2 gpm divided by 3 units in *parallel* = .66gpm per unit. You are not "far exceeding" the minimum required flow rate but rather you are right at the minimum required flow rate.


----------



## smellslike$tome (Jan 22, 2006)

How did you determine that you had a 2 gpm flow rate?


----------



## KillerToiletSpider (May 27, 2007)

smellslike$tome said:


> How did you determine that you had a 2 gpm flow rate?


Lav faucets have a 2 GPM flow restrictor on them.


----------



## KillerToiletSpider (May 27, 2007)

KesslerDweller said:


> We are the GC on a house that we installed 4 Rheem commercial grade tankless hot water heaters. Three of the units are hooked in parallel to service one side of the house. This side of the house has Kohler DTV shower system that can pull 15 GPM on max load which is the reason for all the tankless heaters. Additionally, we have 1 unit that services another side of the house running by itself.
> 
> The side of the house that has 3 units runs great if you create enough demand for it - demand being at least 2 fixtures running. If we turn the faucet on (2 gpm per minute on our tests) the tankless system will not engage. If we turned on a second faucet, the tankless system will engage. Rheem says the demand much be at least .66 gpm to engage the tankless units which we are far exceededing. The tankless system runs great and can easily handle all the demand of the house. The single unit on the other side of the does not have this problem at all.
> 
> Anyone everyrun into a problem like this? I have talked to Rheem, but they are not much help.
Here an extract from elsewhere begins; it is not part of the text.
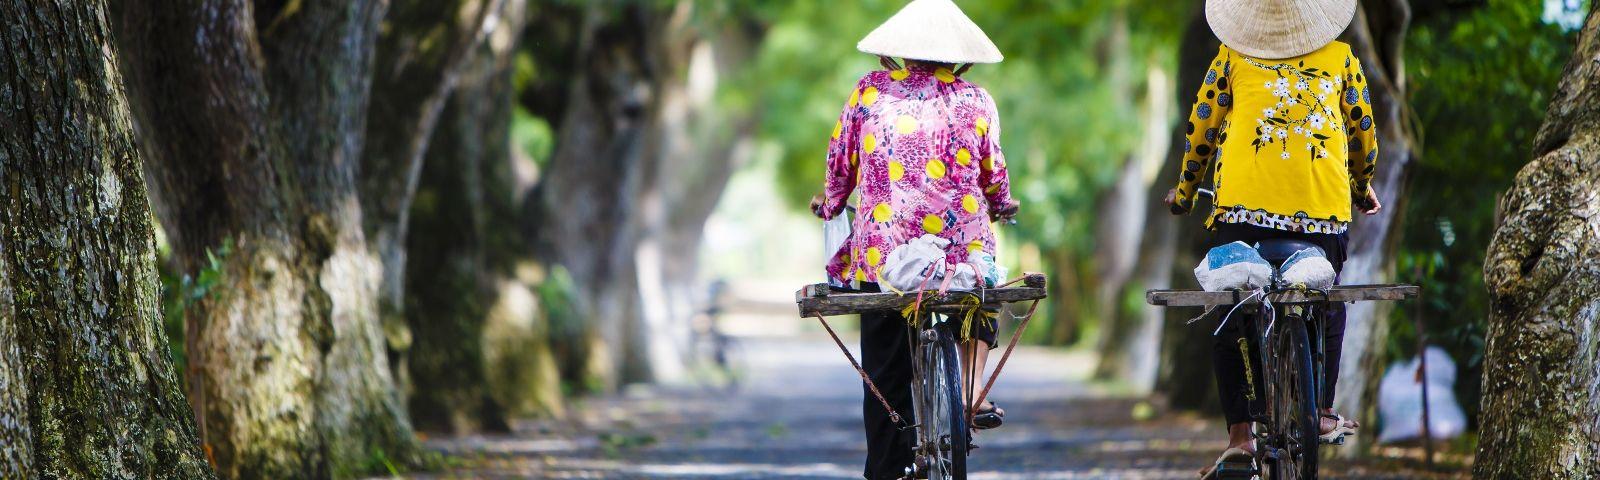 Sicherheit in Vietnam: Die Einheimischen sind freundlich und hilfsbereit

Why were these not installed in paralell and have a controller that operates on flow rate? The multi unit ones I have installed made by Takagi were installed that way per the manufacturers instructions.


----------



## smellslike$tome (Jan 22, 2006)

KillerToiletSpi said:


> Lav faucets have a 2 GPM flow restrictor on them.


Yes, but this does not necessarily mean that if you open the hot side of a lav faucet that you get the full 2 gpm especially on a single lever.


----------



## gmp (Feb 23, 2007)

On multiple Rinnai units I have installed at a bed and breakfast, Rinnai supplies a special wiring harness for proper operation.


----------



## KesslerDweller (Sep 4, 2007)

I turned the hot water (only) on and put a bucket underneath to catch the water - that is how I measured the GPM.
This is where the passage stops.